■ **DATA LISTING**:

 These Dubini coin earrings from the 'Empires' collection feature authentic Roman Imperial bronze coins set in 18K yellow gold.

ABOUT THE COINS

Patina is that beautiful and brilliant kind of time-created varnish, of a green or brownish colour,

* * *

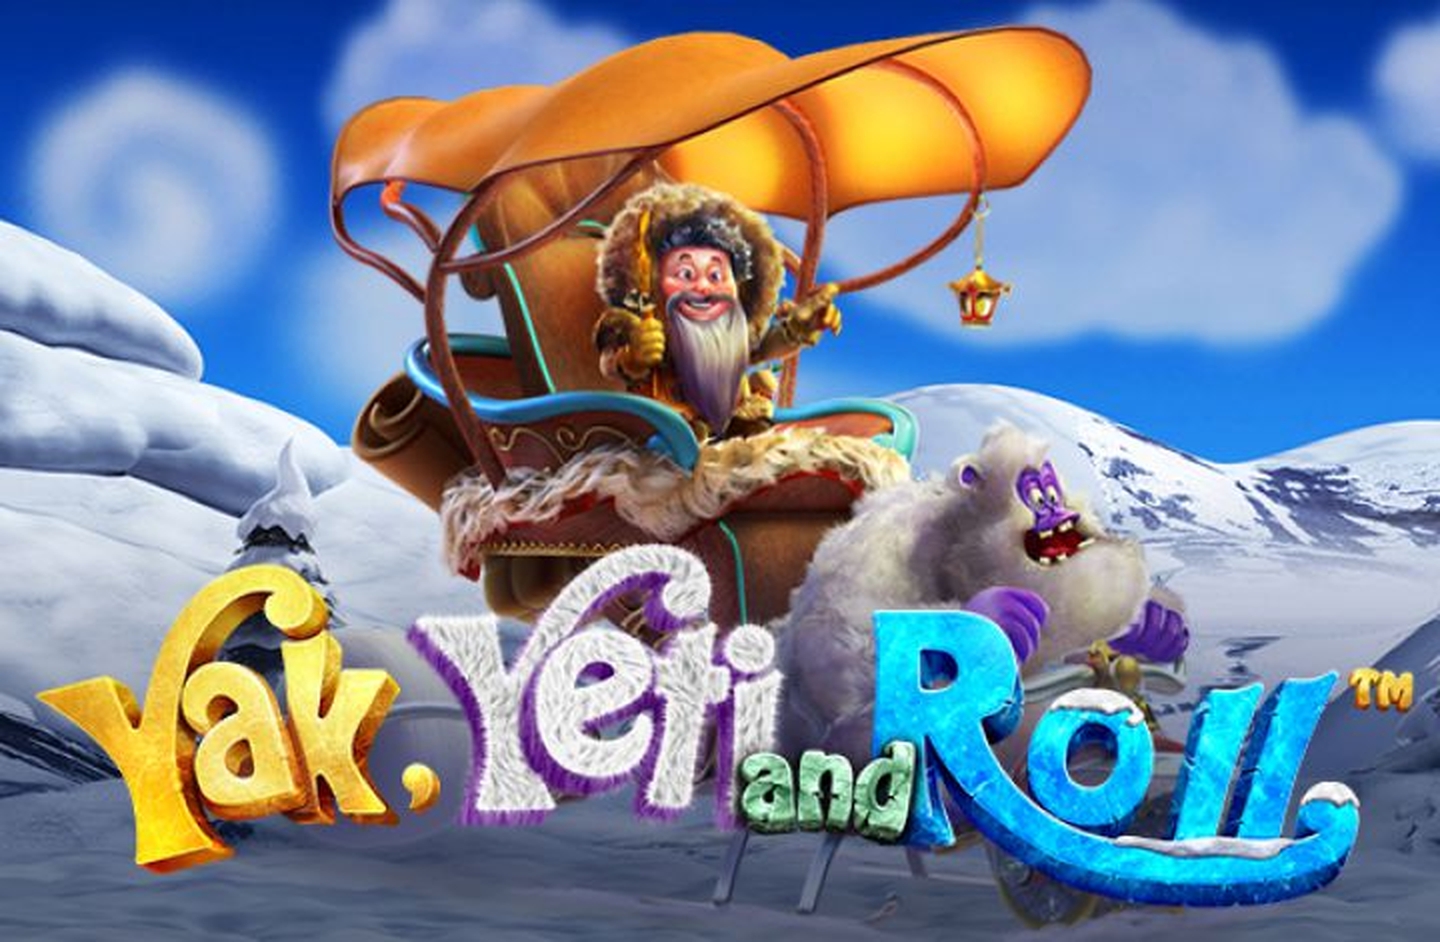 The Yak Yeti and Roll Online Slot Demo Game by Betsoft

■ **ABOUT THIS EXERCISE**: Given the records above, restate word for word only the lines starting at the one with "ABOUT THE COINS" and ending at the one with "Patina is that".

■ **RESULT BELOW**:
ABOUT THE COINS

Patina is that beautiful and brilliant kind of time-created varnish, of a green or brownish colour,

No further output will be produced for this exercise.